Wed, Oct 3, 2007 10:53 PM
This has been covered before, but I was just setting up a new force type on our servers and thought I would mention it for the fun of it. You see lots of stuff about using mod_rewrite to make friendly URLs or SEO friendly URLs. But, if you are using PHP (and I guess other Apache modules) you can do it without mod_rewrite.  We have been doing this for a while at dealnews.  Even before SEO was an issue.

Setting up Apache

From the docs, the ForceType directive "forces all matching files to be served as the content type given by media type." Here is an example configuration:

<Location /deals>
ForceType application/x-httpd-php
</Location>


Now any URL like http://dealnews.com/deals/Cubicle-Warfare/186443.html will attempt to run a file called deals that is in your document root.

Making the script

First save a file called deals witout the .php extension. Modern editors will look for the <?php tag at the first and will color it right. Normally you take input to your PHP scripts with the $_SERVER["QUERY_STRING"] or the $_GET variables. But, in this case, those are not filled by the URL above.
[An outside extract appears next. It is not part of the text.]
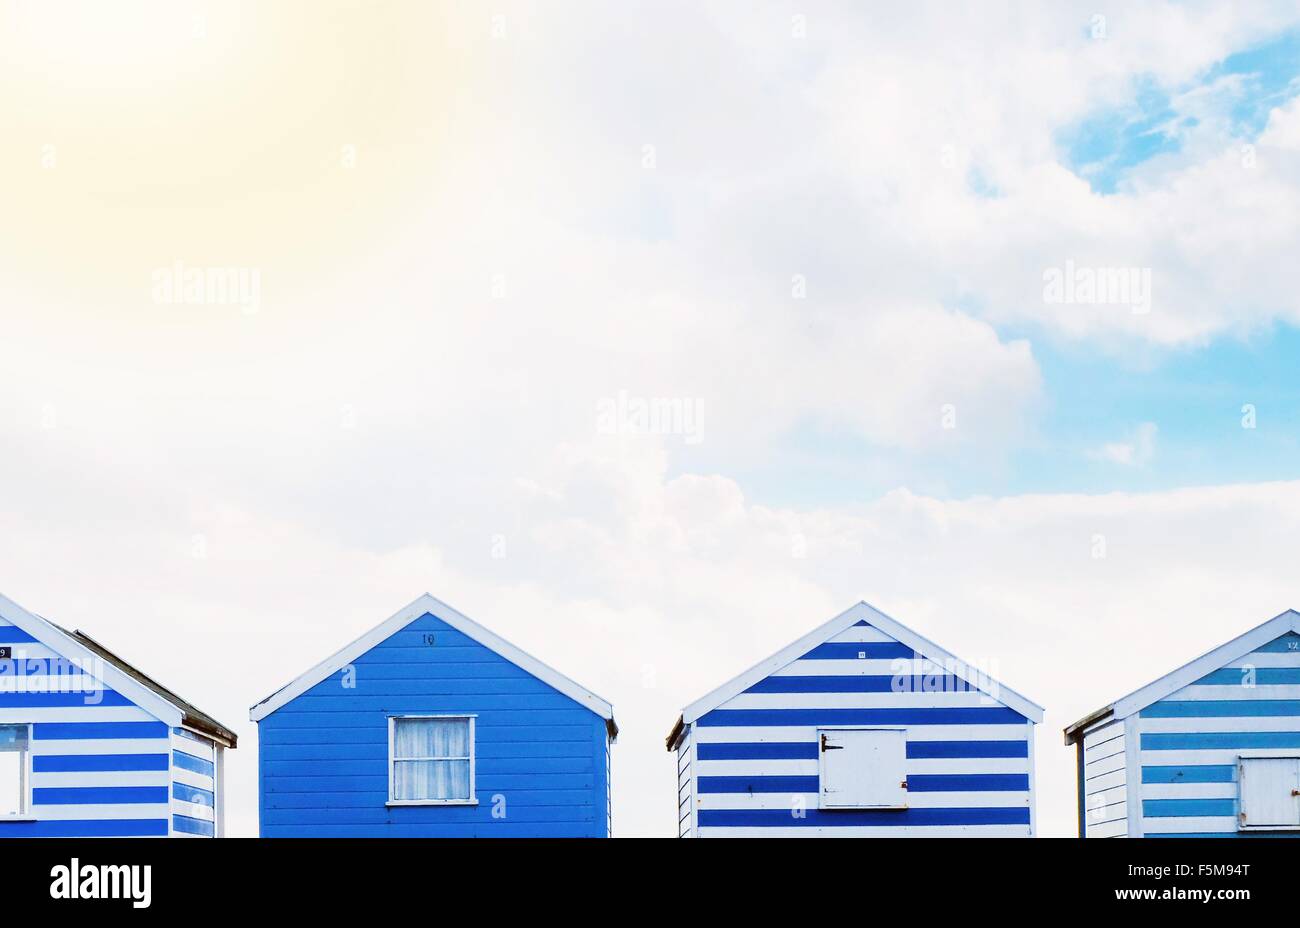 Row of beach huts Stock Photo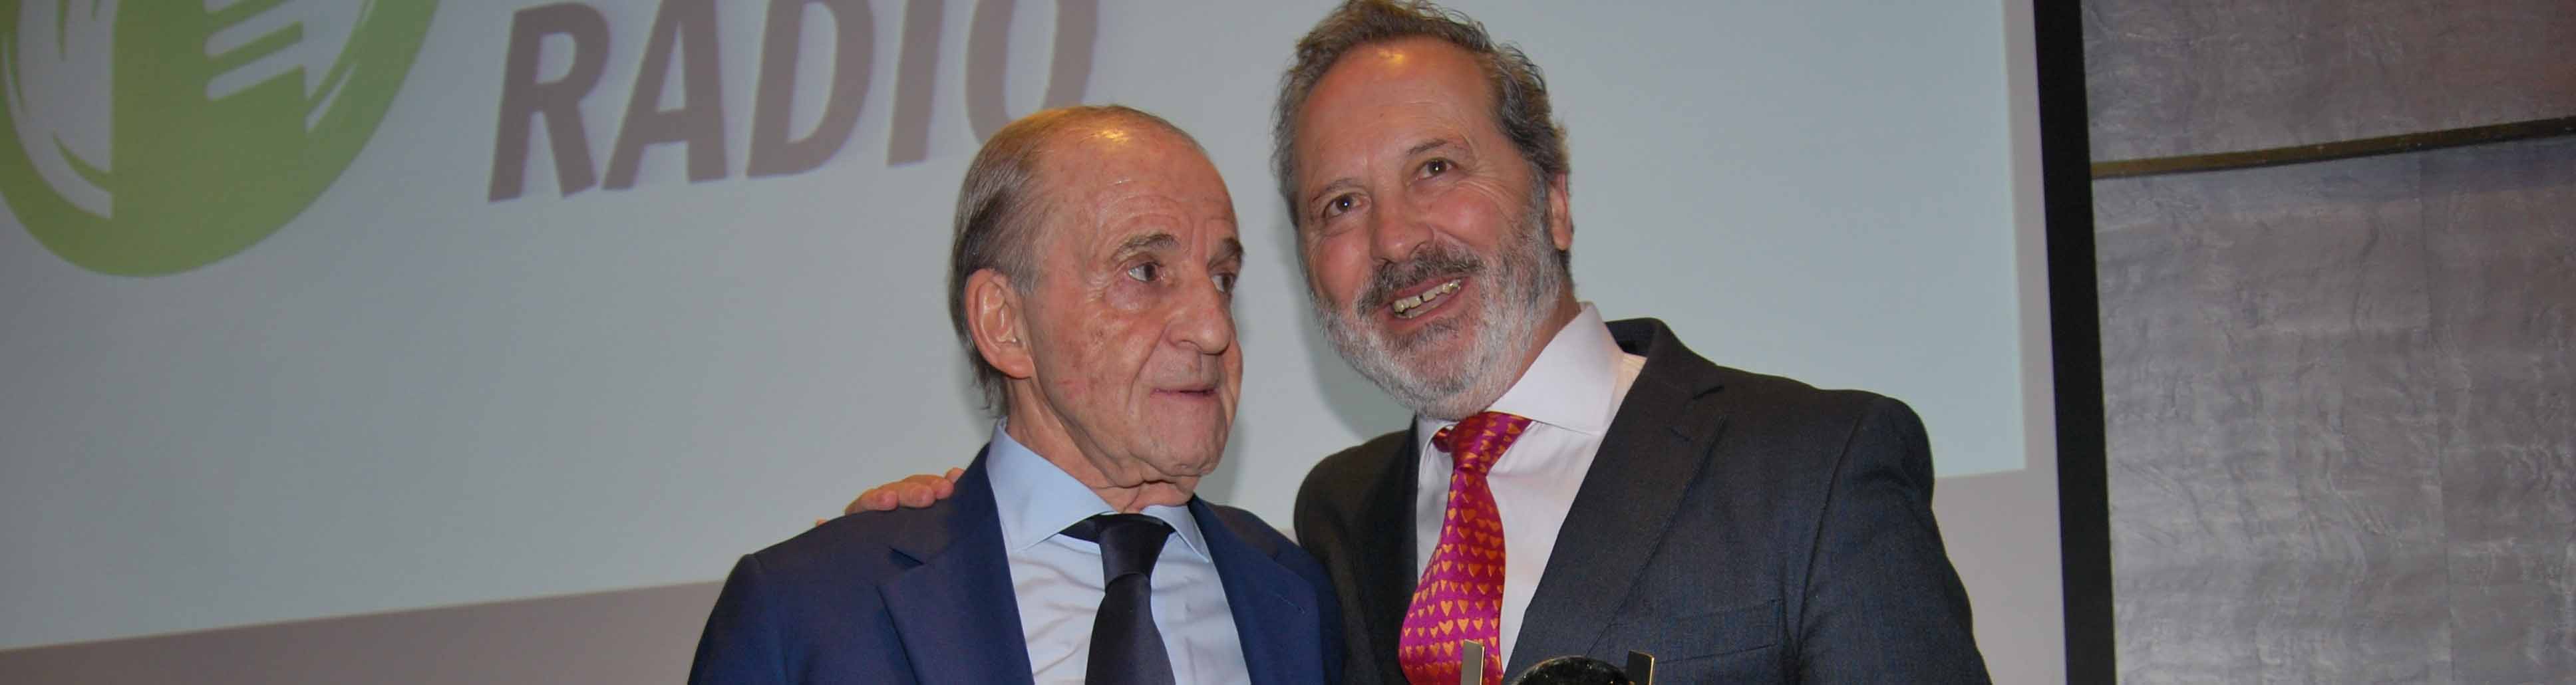 José Boje, director de COPE Utrera, junto a la leyenda de la radio José María García

They will still be filled if there is a query string, but the path part is not included.  We need to use $_SERVER["PATH_INFO"]. In the case above, $_SERVER["PATH_INFO"] will be filled with /Cubicle-Warfare/186443.html. So, you will have to parse the data yourself. In my case, all I need is the numeric ID toward the end.

$id = (int)basename($_SERVER["PATH_INFO"]);

Now I have an id that I can use to query a database or whatever to get my content.

Avoid "duplicate content"

The bad part of my use case is that any URL that starts with /deals/ and ends in 186443.html will work. So, now we have duplicate content on our site. You may have a more exact URL pattern and not have this issue.  But, to work around this in my case, we should verify that the $_SERVER["PATH_INFO"] is the proper data for the content requested. This code will vary depending on your URLs. In my code, I generate the URL for the content and see if it matches. Kind of a reverse lookup on the URI.  If it does not match, I issue a 301 redirect to the proper location.

header("HTTP/1.1 301 Moved Permanently");
header("Location: $new_url");
exit();


Returning 404

Now, you have to be careful to always return meaningful data when using this technique. Search engines won't like you if you return status 200 for every possible random URL that falls under /deals. I know that Yahoo! will put random things on your URLs to see if you are doing the right thing. So, if you get your id and decide this is not a valid URL, you can return a 404.  In my case, I have a 404 file in my document root.  So, I just send the proper headers and include my regular 404 page.

header('HTTP/1.1 404 Not Found');
header('Status: 404 Not Found');
include $_SERVER["DOCUMENT_ROOT"]."/404.html";
exit();